**Goal of the exercise**
Please transcribe the data exactly as shown, skipping the images.
*** Data section Section Begins ***
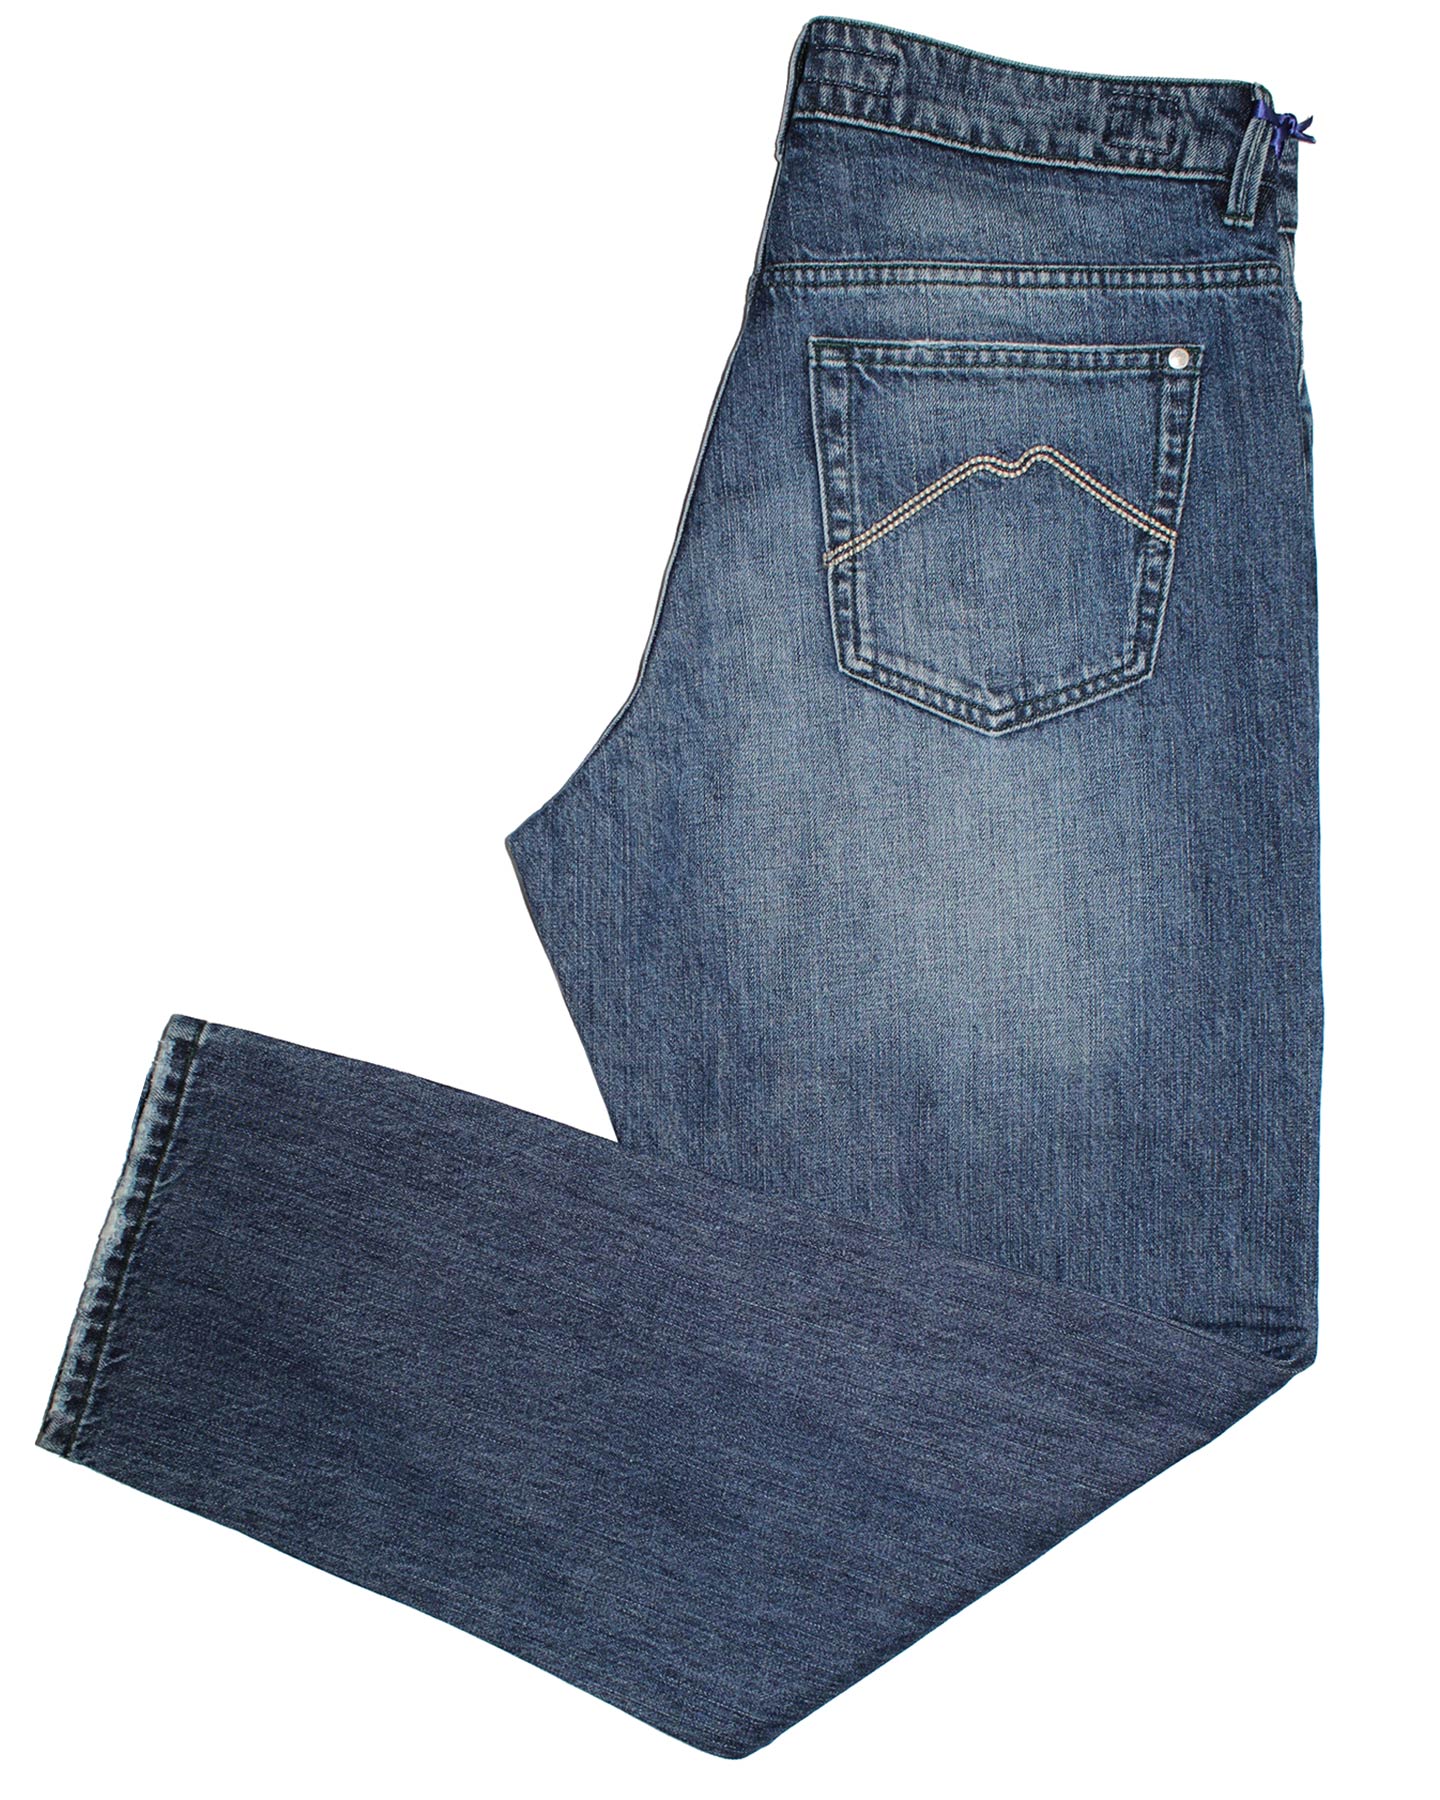 Italy Pants Dress & Jeans, Borrelli & Kiton
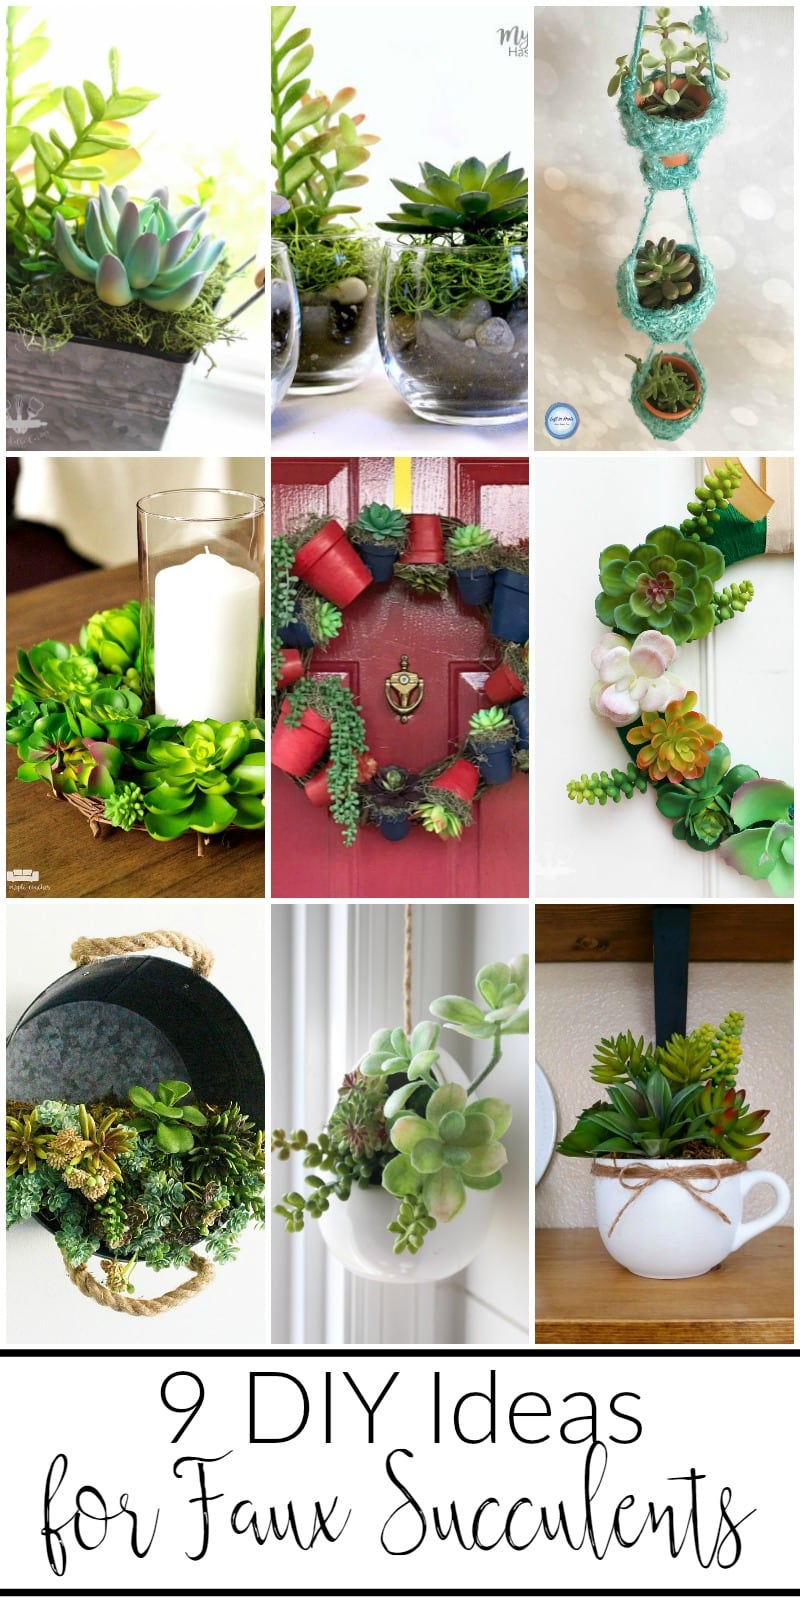 9 easy DIY ideas for faux succulents
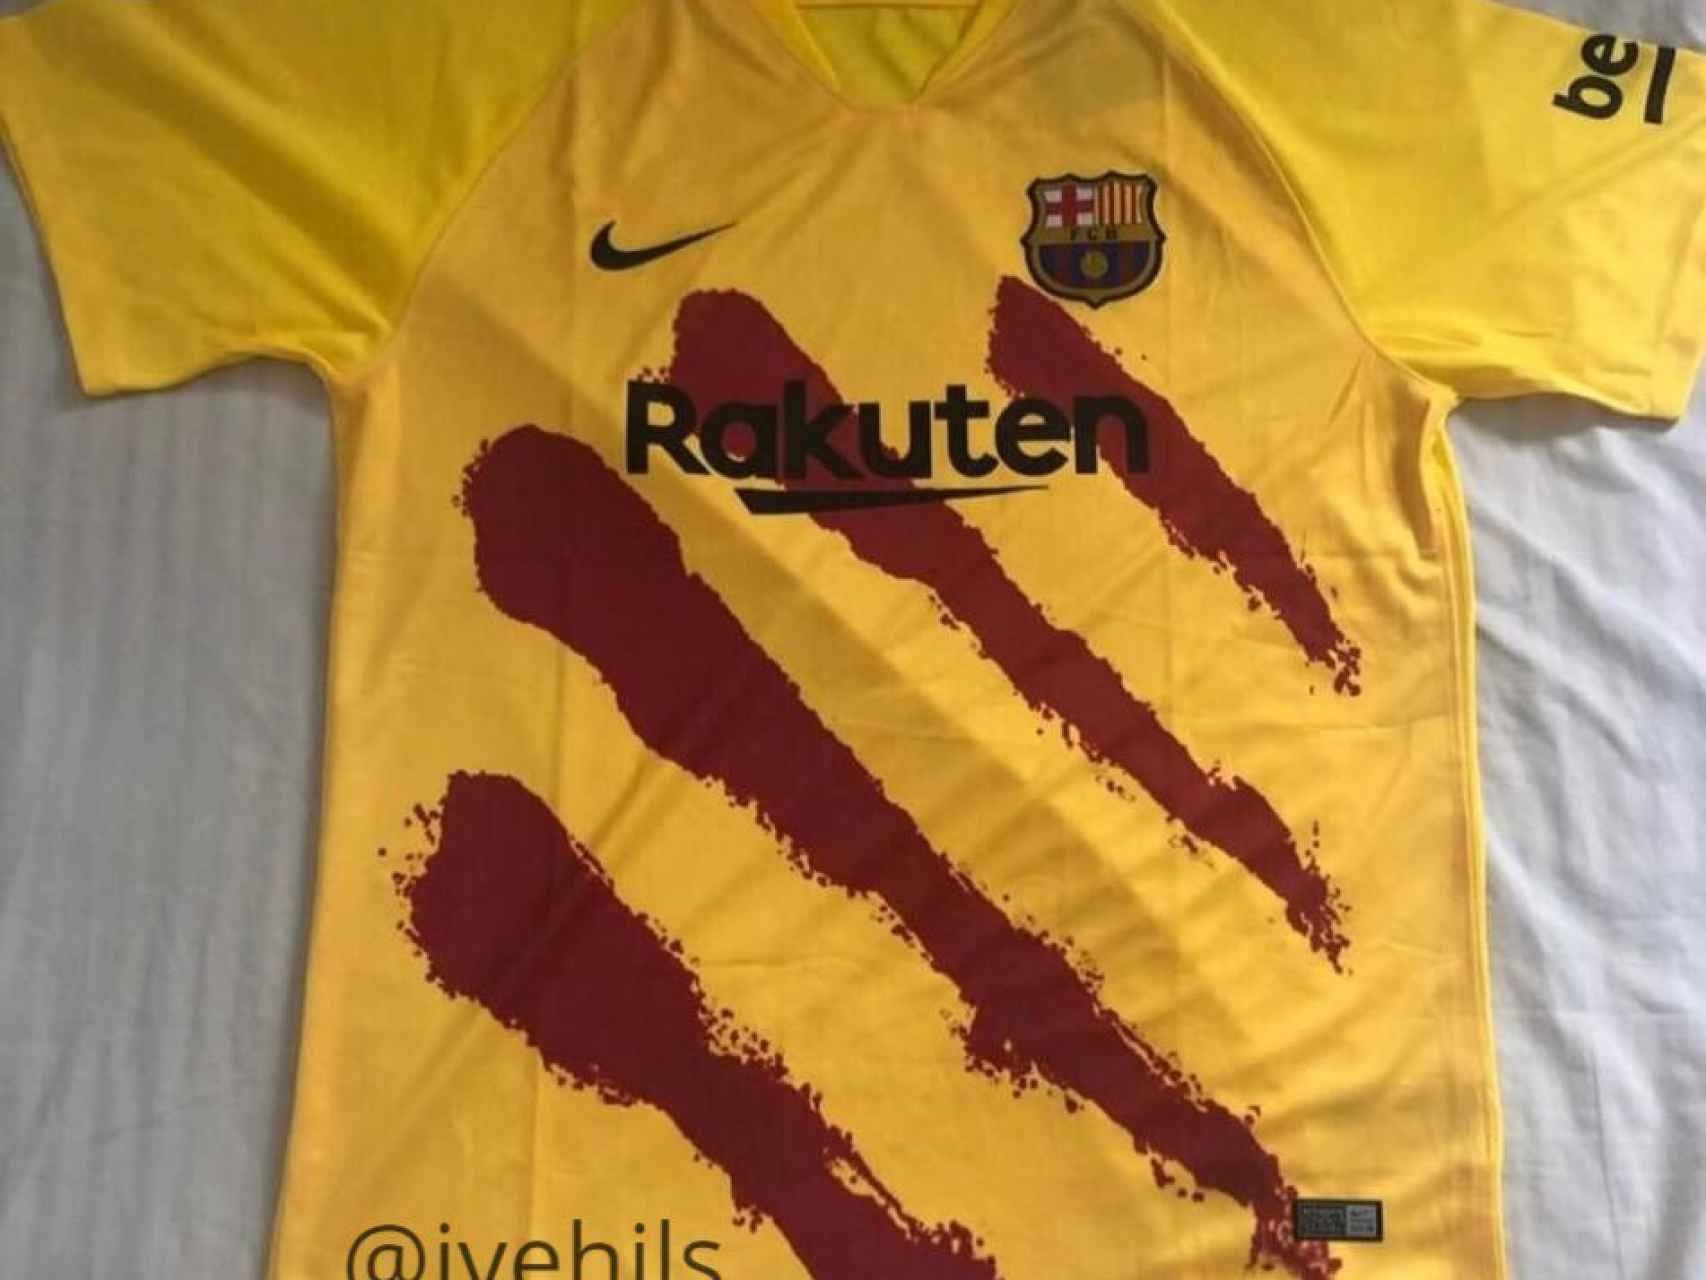 La cuarta camiseta del Barcelona para la próxima temporada. Foto: Twitter (@jvehils)
*** Data section Section Ends ***
**Solved exercise**
 Italy Pants Dress & Jeans, Borrelli & Kiton
 9 easy DIY ideas for faux succulents
 La cuarta camiseta del Barcelona para la próxima temporada. Foto: Twitter (@jvehils)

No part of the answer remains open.